What do you do when your hospital is fighting for financial survival, but you've got a long IT to-do list full of projects that could make or break your institution's future? While many hospitals are torn between daunting balance sheets and the increasing need for investment in any number of technology solutions, I've never come across an institution fighting those dueling pressures as acutely as Cooper Green Mercy Hospital in Birmingham, Ala. The safety-net hospital — with an ER that's Birmingham's busiest with 36,000 visits a year — is currently in the middle of a massive IT overhaul as it prepares to attest for meaningful use this summer.

 

All told, Cooper Green has 16 ongoing IT projects, including a PACS system, the implementation of computerized physician order entry, a new revenue cycle system and a new data center.

That would be a massive undertaking for any institution, let alone one that's currently fighting for its life. Cooper Green is operated publicly via indigent care funds provided by Jefferson County, and the county itself declared bankruptcy last November in what is believed to be one of the largest municipal bankruptcies in U.S. history. In April, the hospital announced $6.7 million in across-the-board cuts, including 89 layoffs, and the future of the hospital is currently in doubt.

Back to the IT war room: Recently, I talked to Srikanth Karra, director of information services at Cooper Green, who at the time was getting ready for the May 1 launch of the hospital's EHR May 1 — with hopes of being ready to start the 90 day attesting period for meaningful use funding by June 1. "Getting capital funds is next to impossible," Karra says, so it's paying for the projects by tapping into its monthly operational funds — with help from its finance department — to pay for the improvements.

So how does a hospital in dire financial straits handle 16 IT projects at once? First off, the EHR system, Medsphere's OpenVista product, uses open source software originally developed by the VA, enabling Cooper Green to implement the project for roughly $2.3 million to $2.7 million.
"All we had to pay for was implementation services," Karra says.
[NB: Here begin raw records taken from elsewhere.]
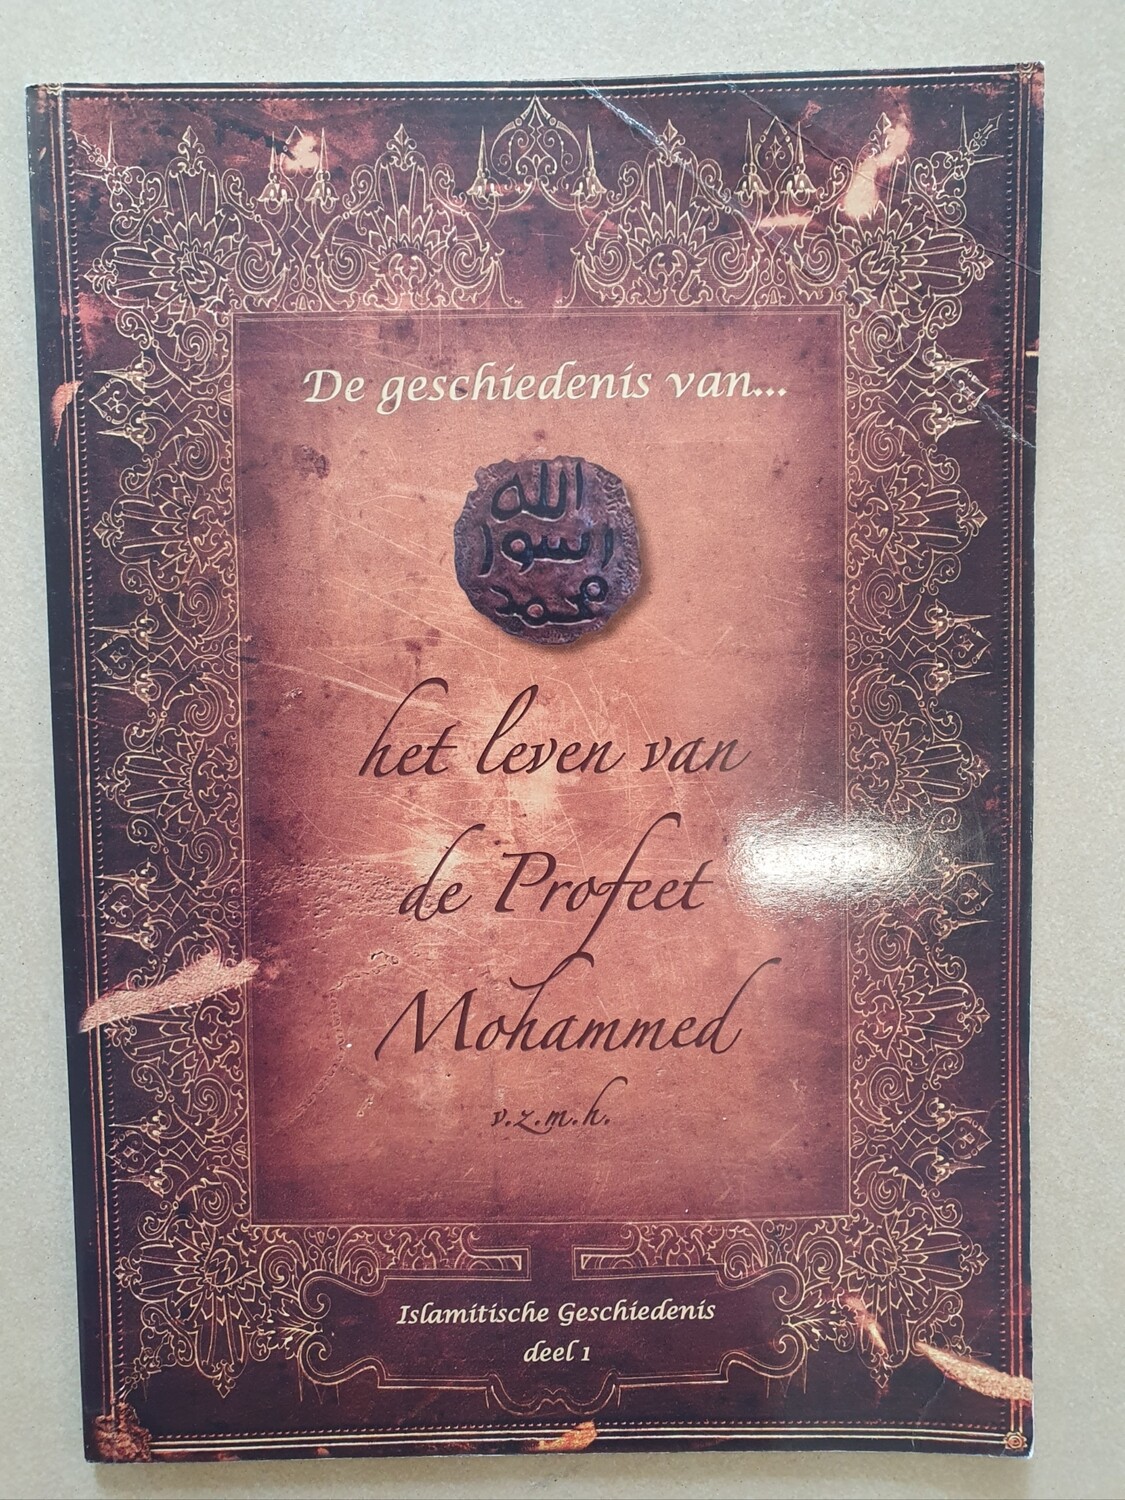 De geschiedenis van het leven van de profeet Mohammed deel 1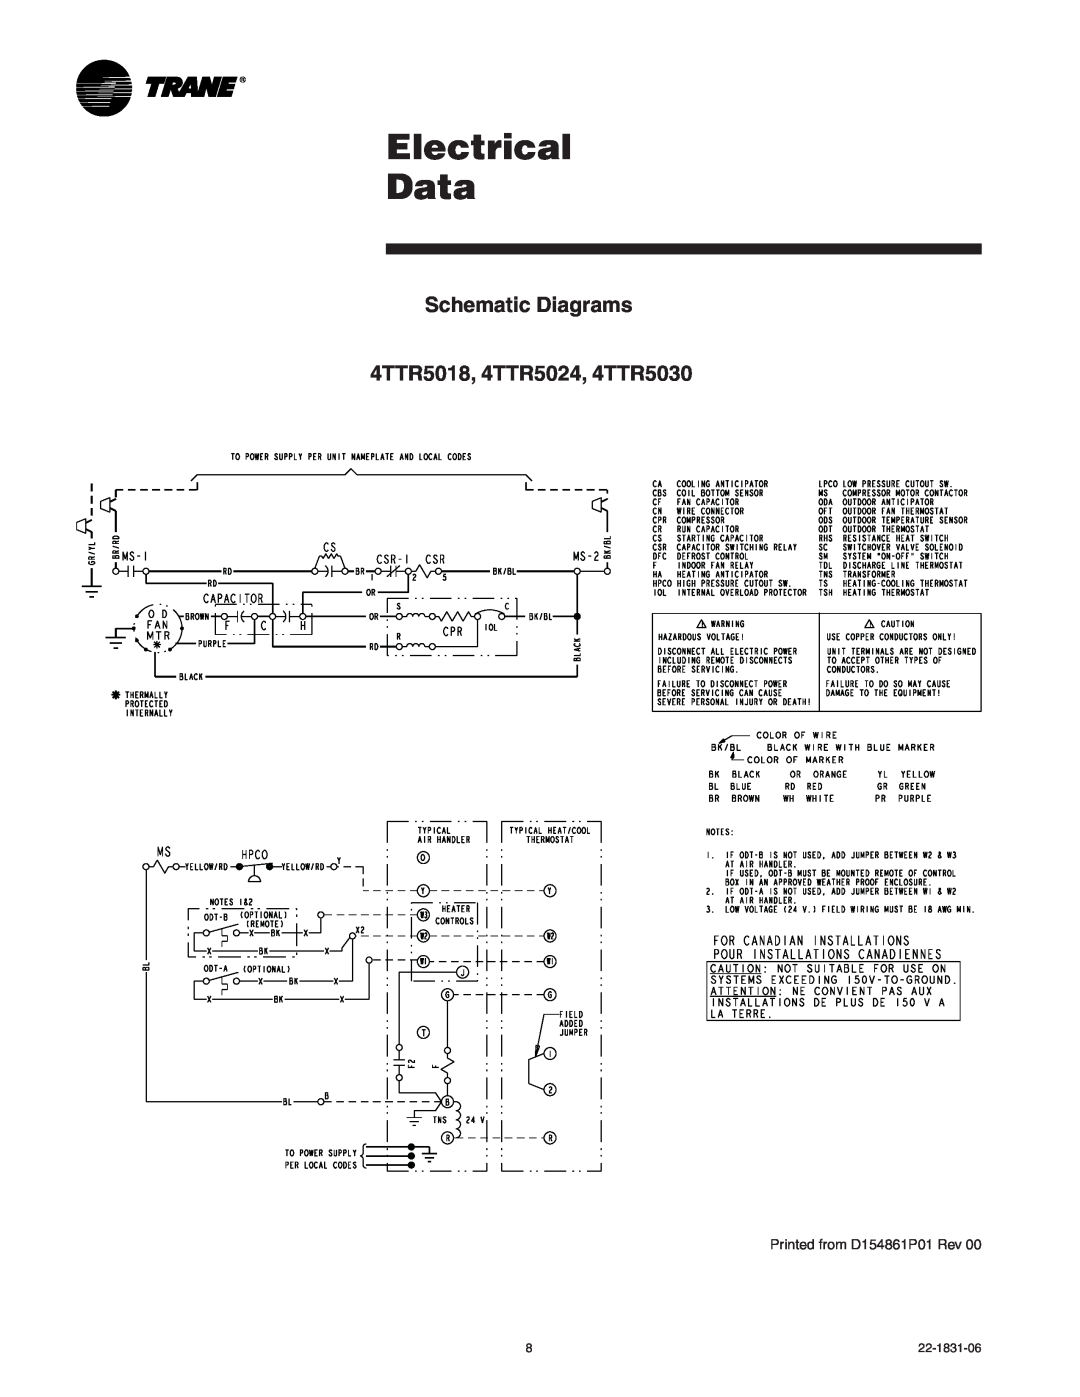 Trane XR15 manual Electrical Data, Schematic Diagrams 4TTR5018, 4TTR5024, 4TTR5030 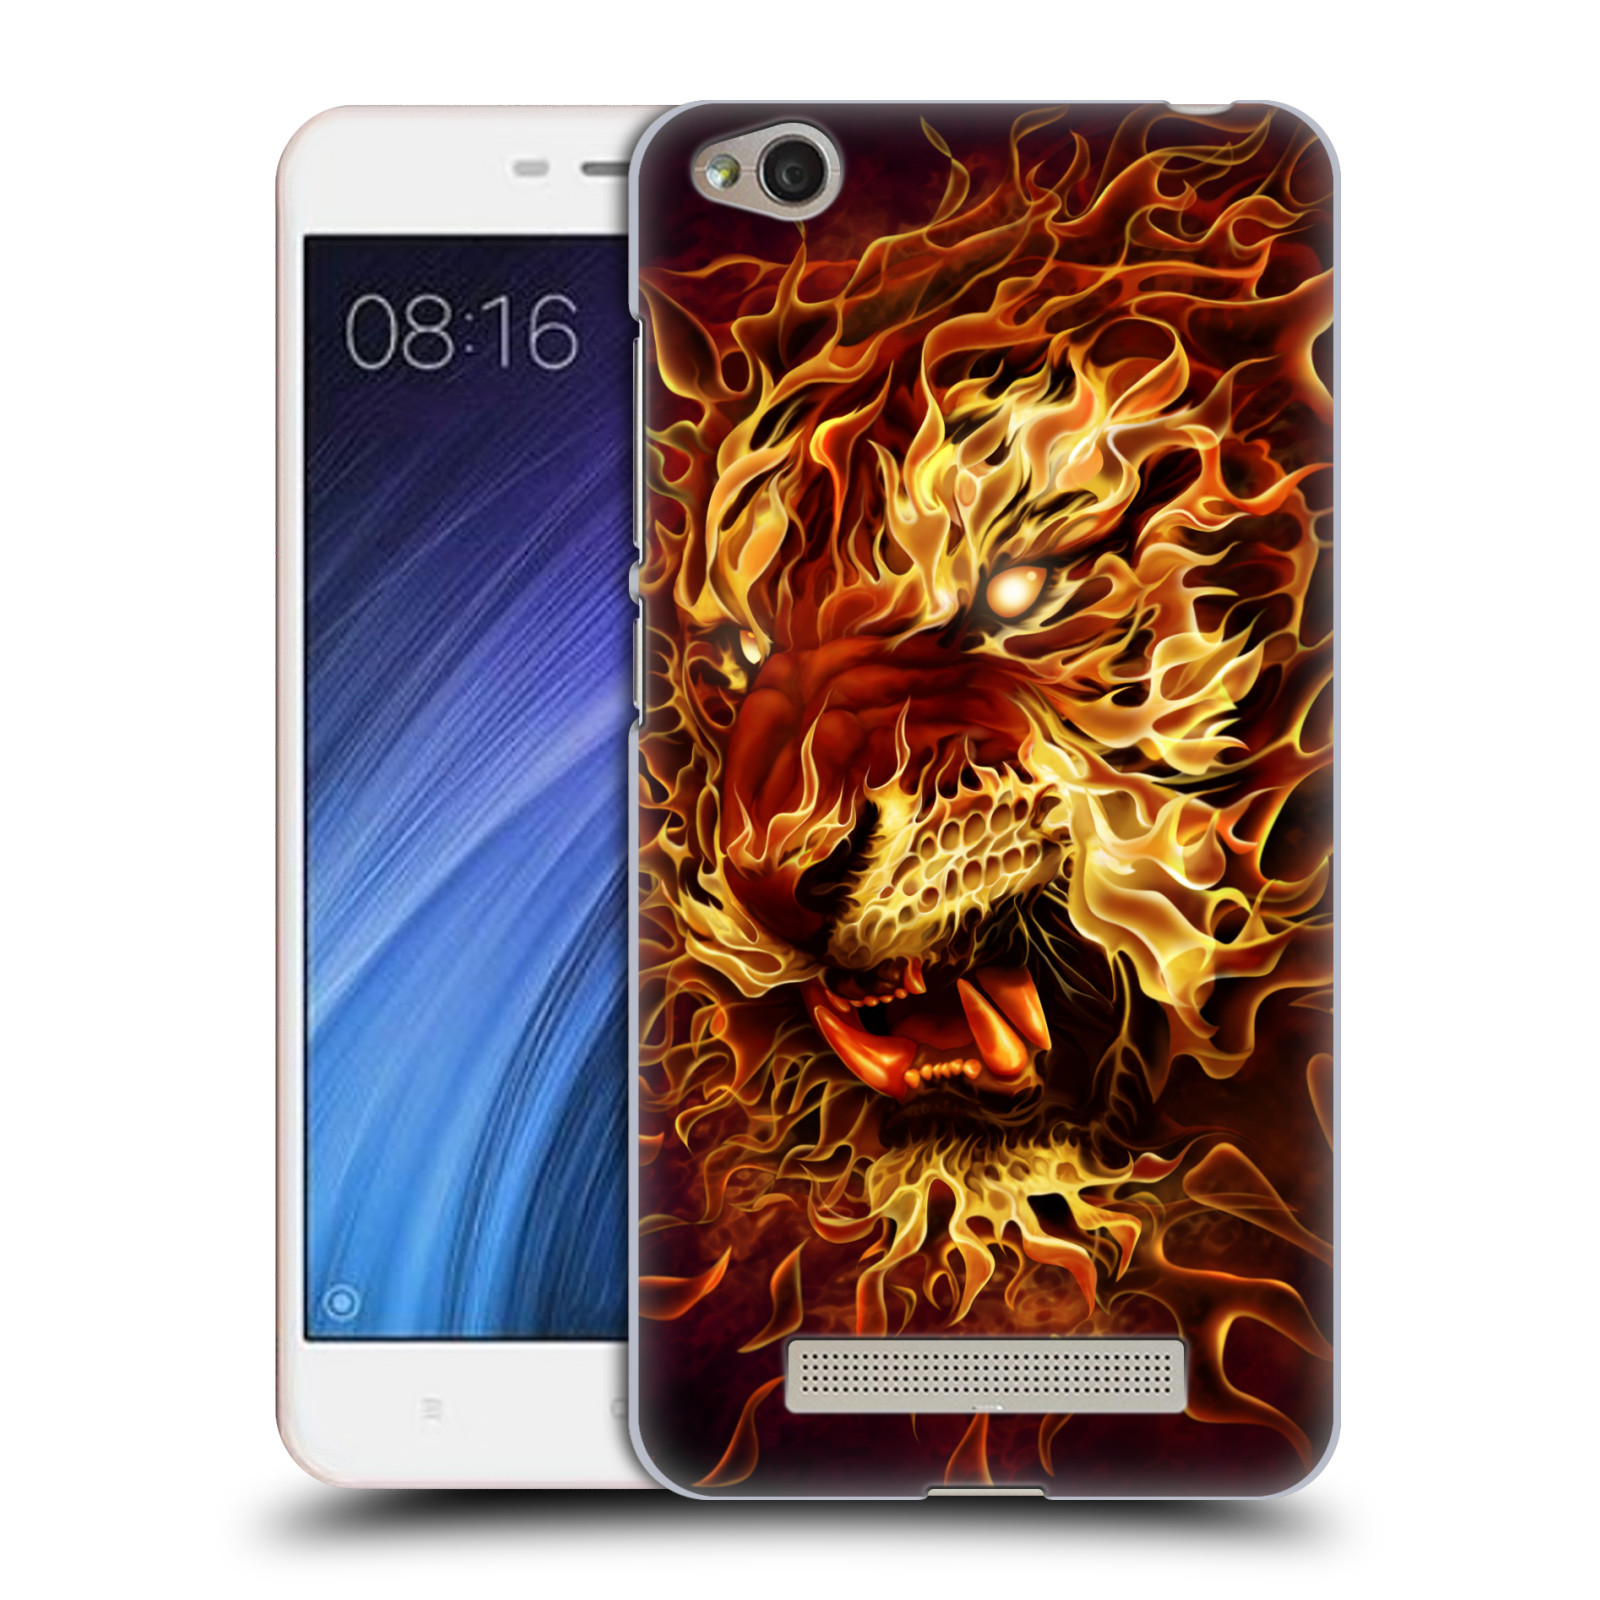 Pouzdro na mobil Xiaomi Redmi 4a - HEAD CASE - Fantasy kresby Tom Wood - Ohnivý tygr

Because of Jefferson County's own financial straits, Karra and other hospital officials worked closely with county officials to explain the expected return on investment from meaningful use funding, ultimately getting permission from the county's attorney to expedite every contract. At the same time, hospital officials assured vendors that the project was going ahead and had firm support from the count.

Karra acknowledges the scope of the projects alongside the hospital's financial circumstance was daunting at first. "I had my own doubts going in," Karra says. "Could I handle this many projects?"

Despite those challenges, though, Karra is using the same institutional strategies I've heard during IT rollouts at countless hospitals, relying multidisciplinary teams, physician champions and superusers to build institutional support and ultimately design workflows that will produce better patient care.

The payoff? If the hospital is able to successfully attest for meaningful use, the first payment will be for $2 million; future payments will be based on discharges. And for a hospital in the precarious position Cooper Green is in, that could make all the difference in the world.